Around 1861 he entered the University of Jena, where Ernst Abbe became the first of two physicists who decisively influenced his career (Weiss 1912, pp. 44–45). Weber soon discovered, however, that he lacked sufficient mathematical talent, and so he abandoned mathematics entirely (Weiss 1912, p. 44).
Returning to physics, Weber found in Abbe a young and dynamic scientist, one who successfully focused much of his research efforts on re-thinking optical theory.
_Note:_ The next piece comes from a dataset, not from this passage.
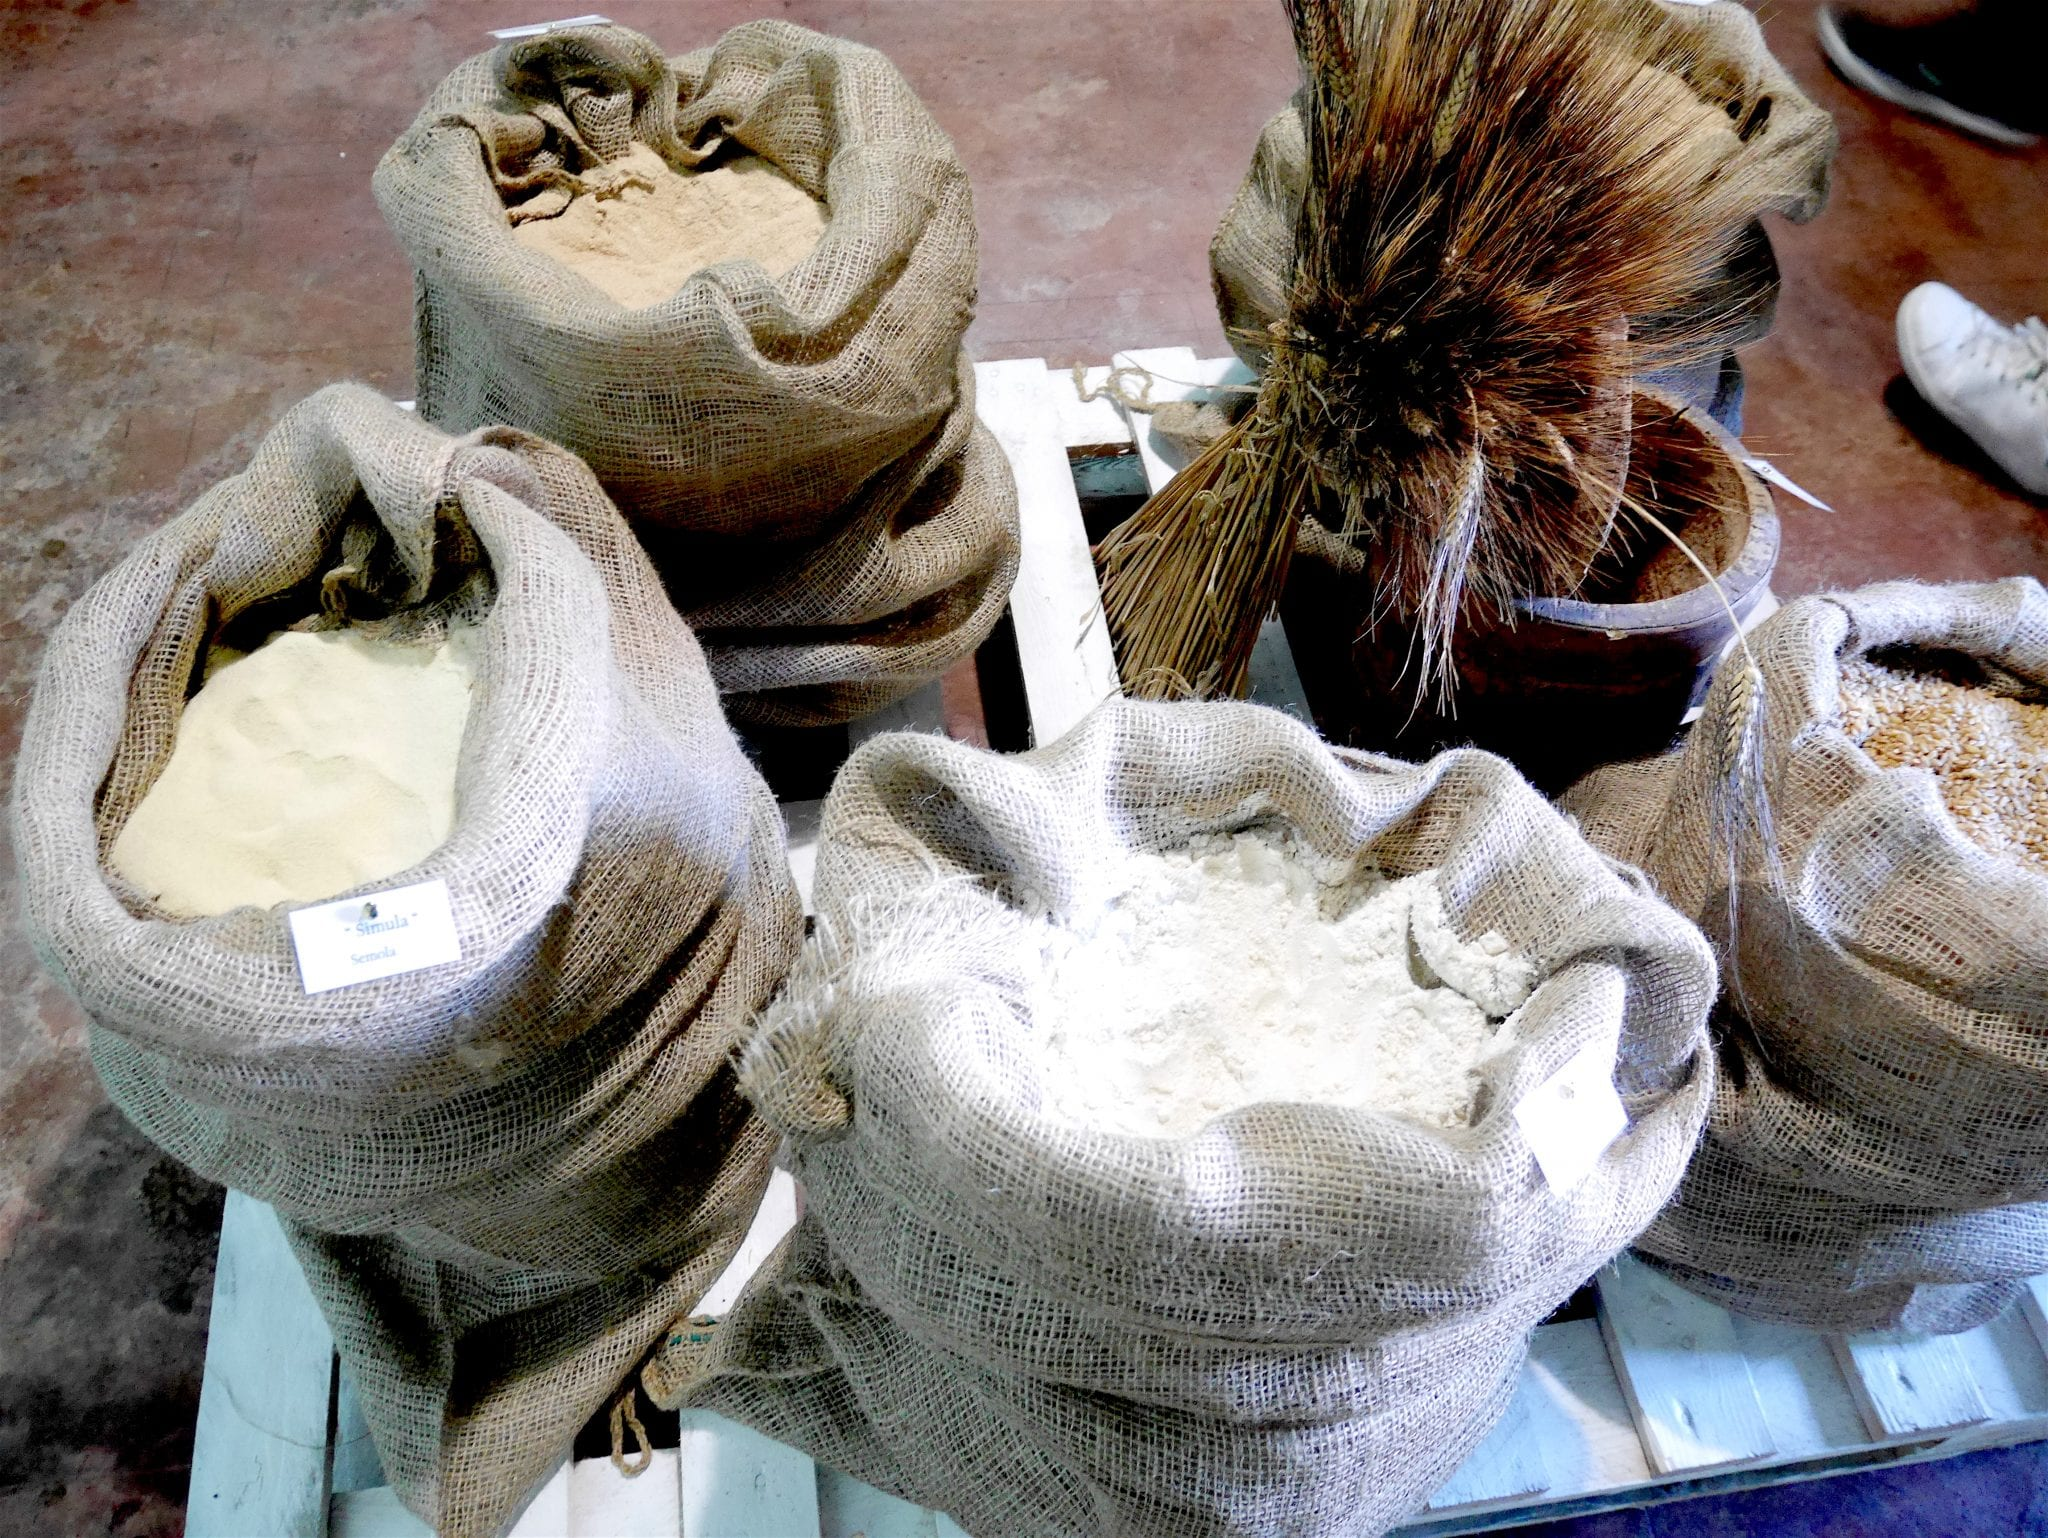 museo del pane carasau - orgosolo - le plume

Abbe not only instructed Weber in the lecture hall and laboratory, he also served as a role model for him in several other ways: through his emphasis on the importance of laboratory work in general and precision instrumentation in particular; through his view that science should be closely related to practical life; and through his embodiment of the idea that a single individual could accomplish much in life. This last point, according to Pierre Weiss, Weber’s obituarist and successor at the Eidgenössische Technische Hochschule, as the Zurich Polytechnic came to be called after 1911, was “the mainspring of his [Weber’s] life, the source of his most beautiful successes” (Weiss 1912, p. 44).
Weber received his doctorate under Abbe in 1865 with a dissertation on the theory of light diffraction. He spent the second half of the 1860s as a private tutor in Pforzheim, publishing only one article during this period. Pforzheim was close to both the University of Heidelberg, where Weber came into contact with Gustav Kirchhoff, one of the leading theoretical physicists of the day, and to the Polytechnische Schule in Karlsruhe, where in 1870 he became Gustav Heinrich Wiedemann’s assistant (Weiss 1912, p. 45). At the same time, Weber also managed to meet the professor of physiology at Heidelberg, Hermann von Helmholtz, perhaps through Kirchhoff or Wiedemann, since both of them were close friends of Helmholtz’s. When Helmholtz left Heidelberg in 1871 to accept the call as professor of physics at the University of Berlin, he took Weber along as his first assistant. Helmholtz now became the second formative, and decidedly primary, influence on Weber’s career.